WORK TO COMPLETE
In the material below, the lines between the one holding "Changer La Couleur" and the one holding "vtwonen 10-2019 |", inclusive, are to be set down word for word. Pictures stay out.

RECORDS SHOWN
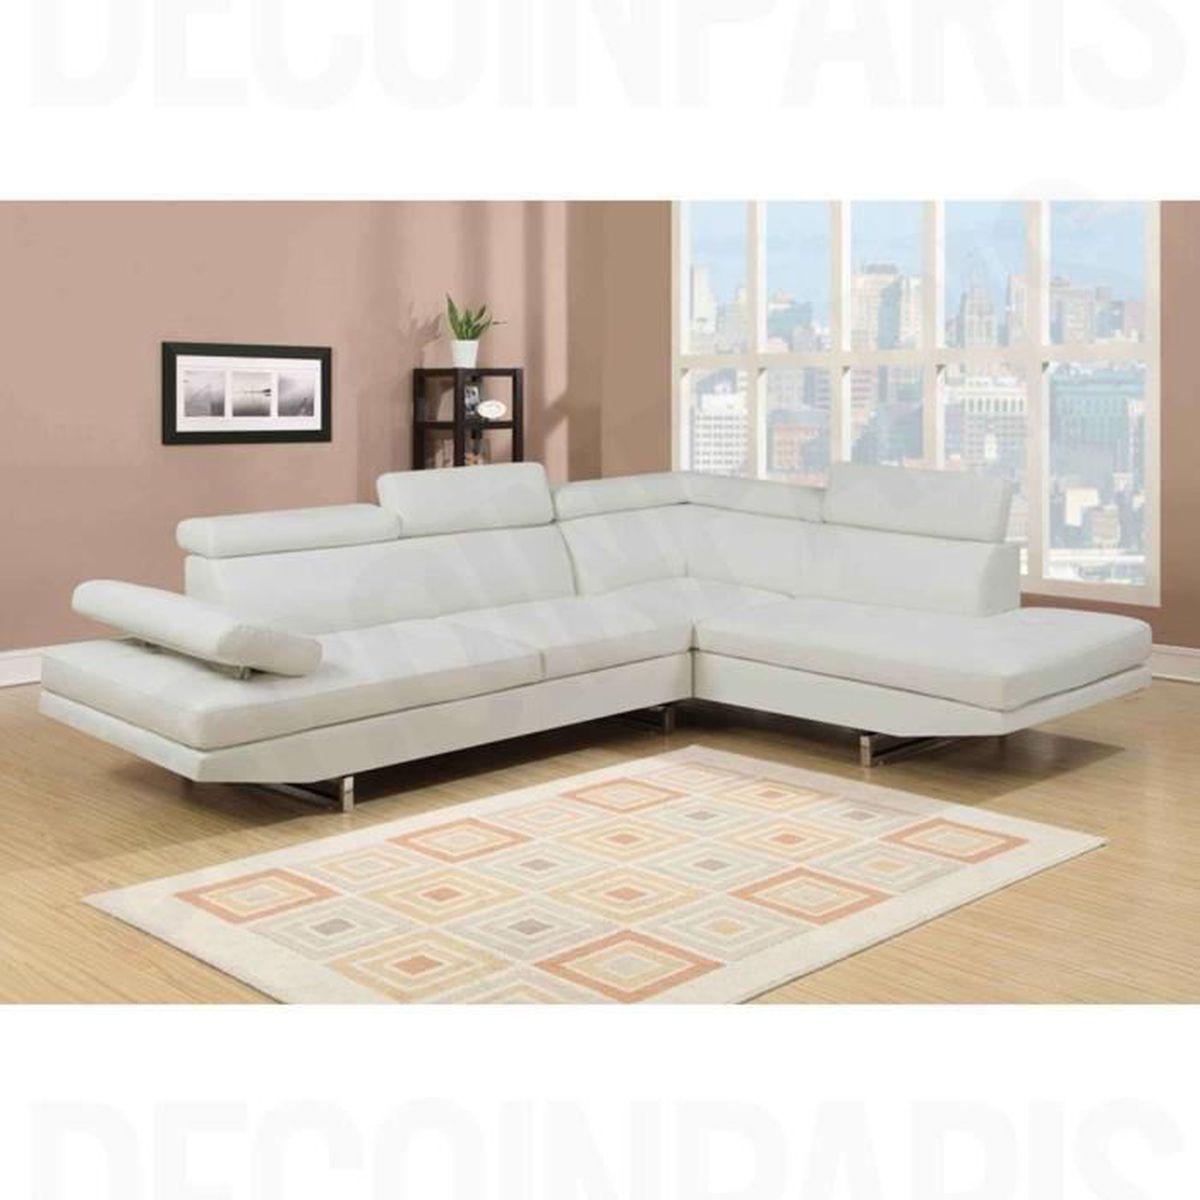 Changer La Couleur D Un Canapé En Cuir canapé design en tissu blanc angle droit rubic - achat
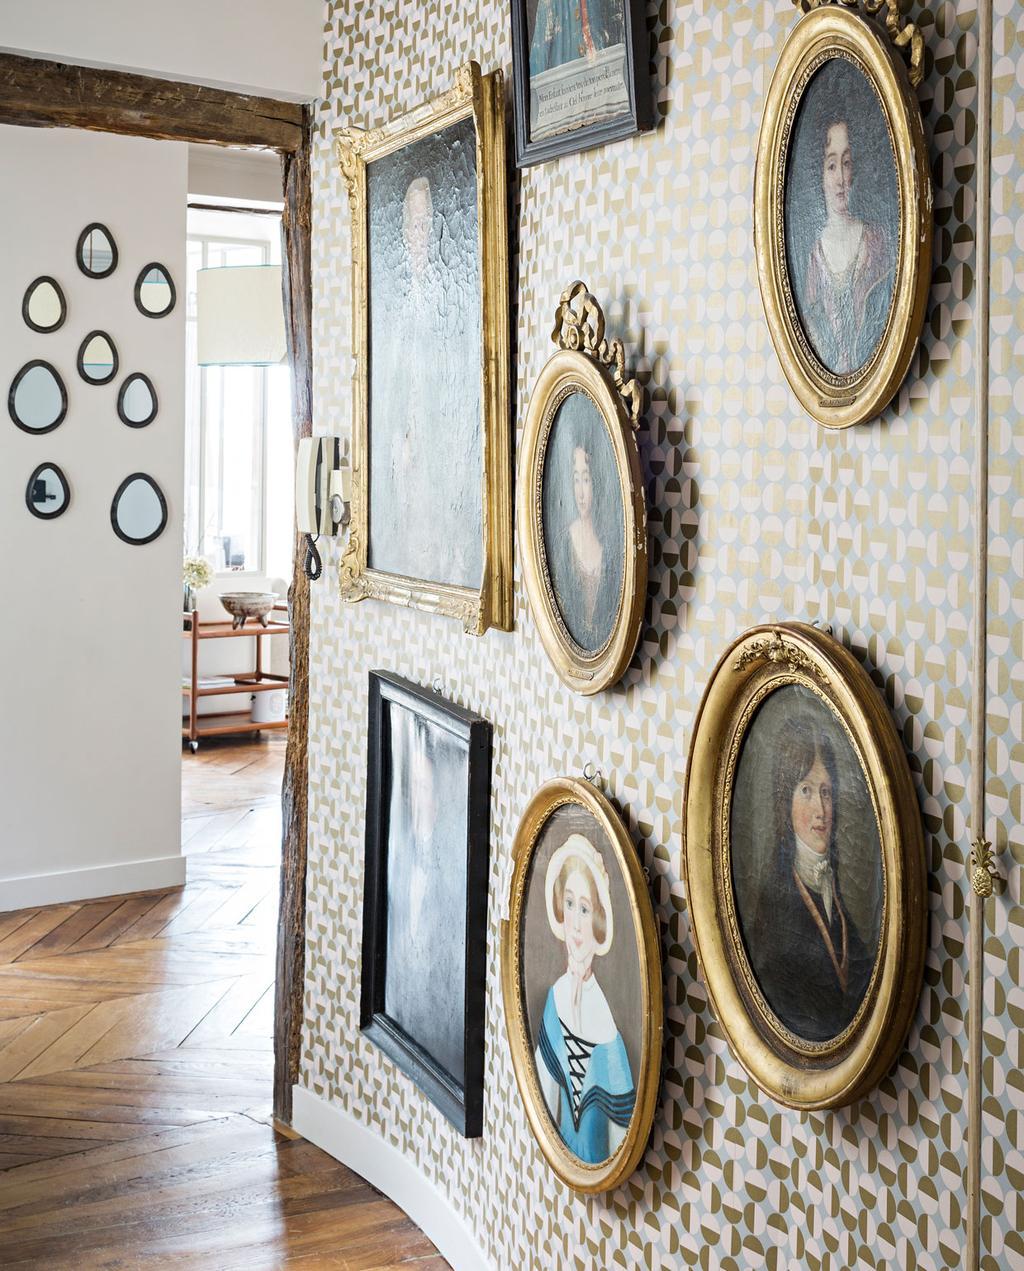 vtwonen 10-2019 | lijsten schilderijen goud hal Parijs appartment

...

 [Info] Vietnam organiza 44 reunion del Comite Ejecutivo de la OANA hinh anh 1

EXERCISE RESPONSE
 Changer La Couleur D Un Canapé En Cuir canapé design en tissu blanc angle droit rubic - achat
 vtwonen 10-2019 | lijsten schilderijen goud hal Parijs appartment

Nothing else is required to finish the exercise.